De MR heeft verschillende adviesrechten. Adviesrechten zijn altijd voor de MR als geheel en niet voor afzonderlijke geledingen van de MR. Het adviesrecht gaat vooral over onderwerpen die met de organisatie van de school te maken hebben.

Een advies moet op een zodanig tijdstip worden gevraagd, dat deze van wezenlijke invloed kan zijn op de besluitvorming. Ook moet de MR in gelegenheid worden gesteld overleg te voeren met het bevoegd gezag voordat hij het advies uitbrengt. Ook is vastgelegd dat de MR zo spoedig mogelijk schriftelijk wordt geïnformeerd over de wijze waarop aan het uitgebrachte advies gevolg wordt gegeven.

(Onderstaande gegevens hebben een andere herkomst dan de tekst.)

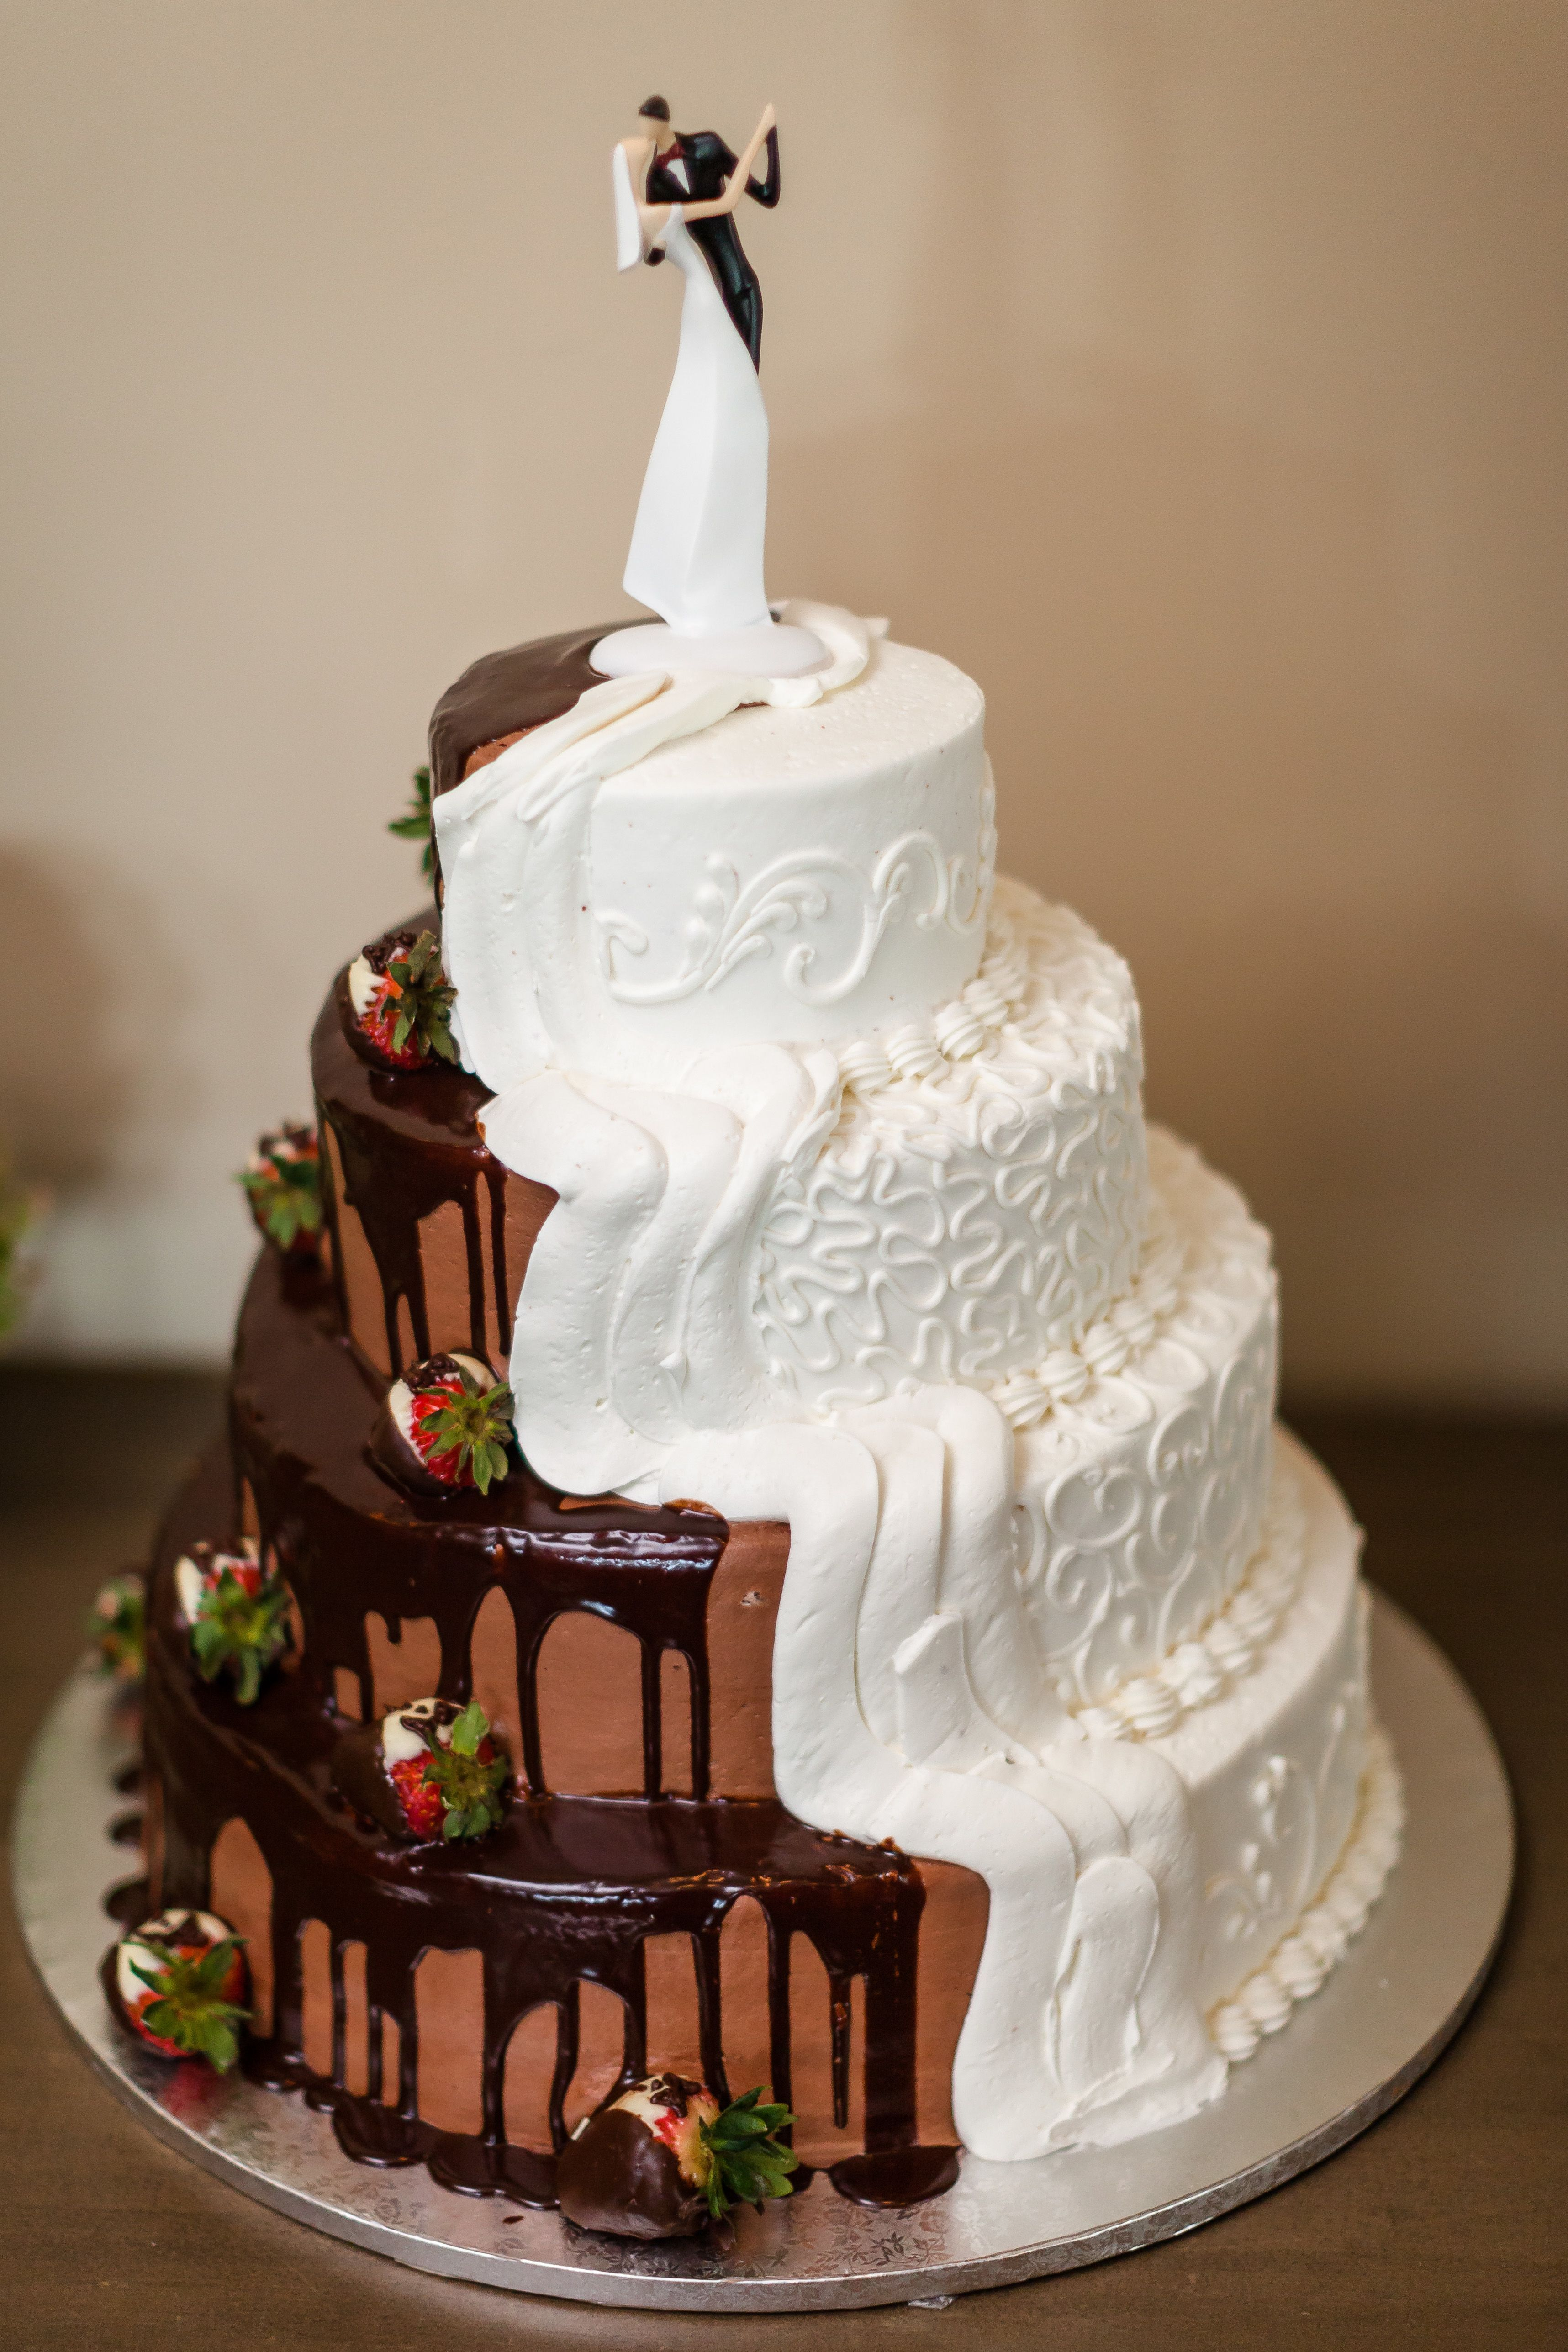 Combined Chocolate and Vanilla Bride and Groom's Cake #birthday cake #bride #cake #cake decorating #cake recipes #chocolate #Combined #gateau anniversaire #gateau chocolat #gateau de paques #Grooms #Vanilla #wedding cakes #wedding ideas

Tenslotte wordt de MR in de gelegenheid gesteld overleg te voeren met het bevoegd gezag, als het advies niet of deels niet wordt gevolgd. Pas na dit overleg kan het bevoegd gezag een definitief besluit nemen.

Niet opvolgen van advies
Bij het adviesrecht kan het bevoegd gezag de reactie van de MR gemotiveerd deels of geheel naast zich neerleggen. Het is van belang dat het bevoegd gezag goed onderbouwt waarom een advies niet wordt opgevolgd. Als het bevoegd gezag weinig of geen toelichting geeft waarom het advies van de MR niet wordt opgevolgd, is het mogelijk de zaak voor te leggen aan de geschillencommissie.

Als het bevoegd gezag geen advies aan de MR heeft gevraagd en de MR van mening is dat het bevoegd gezag wel advies had moeten vragen, kan de MR ook een adviesgeschil voorleggen aan de geschillencommissie. Deze zal dan in de wet kijken of er advies had moeten worden gevraagd. Soms kan er echter onduidelijkheid zijn over de vraag of een bepaald beleidsvoornemen wel of niet onder het adviesrecht valt.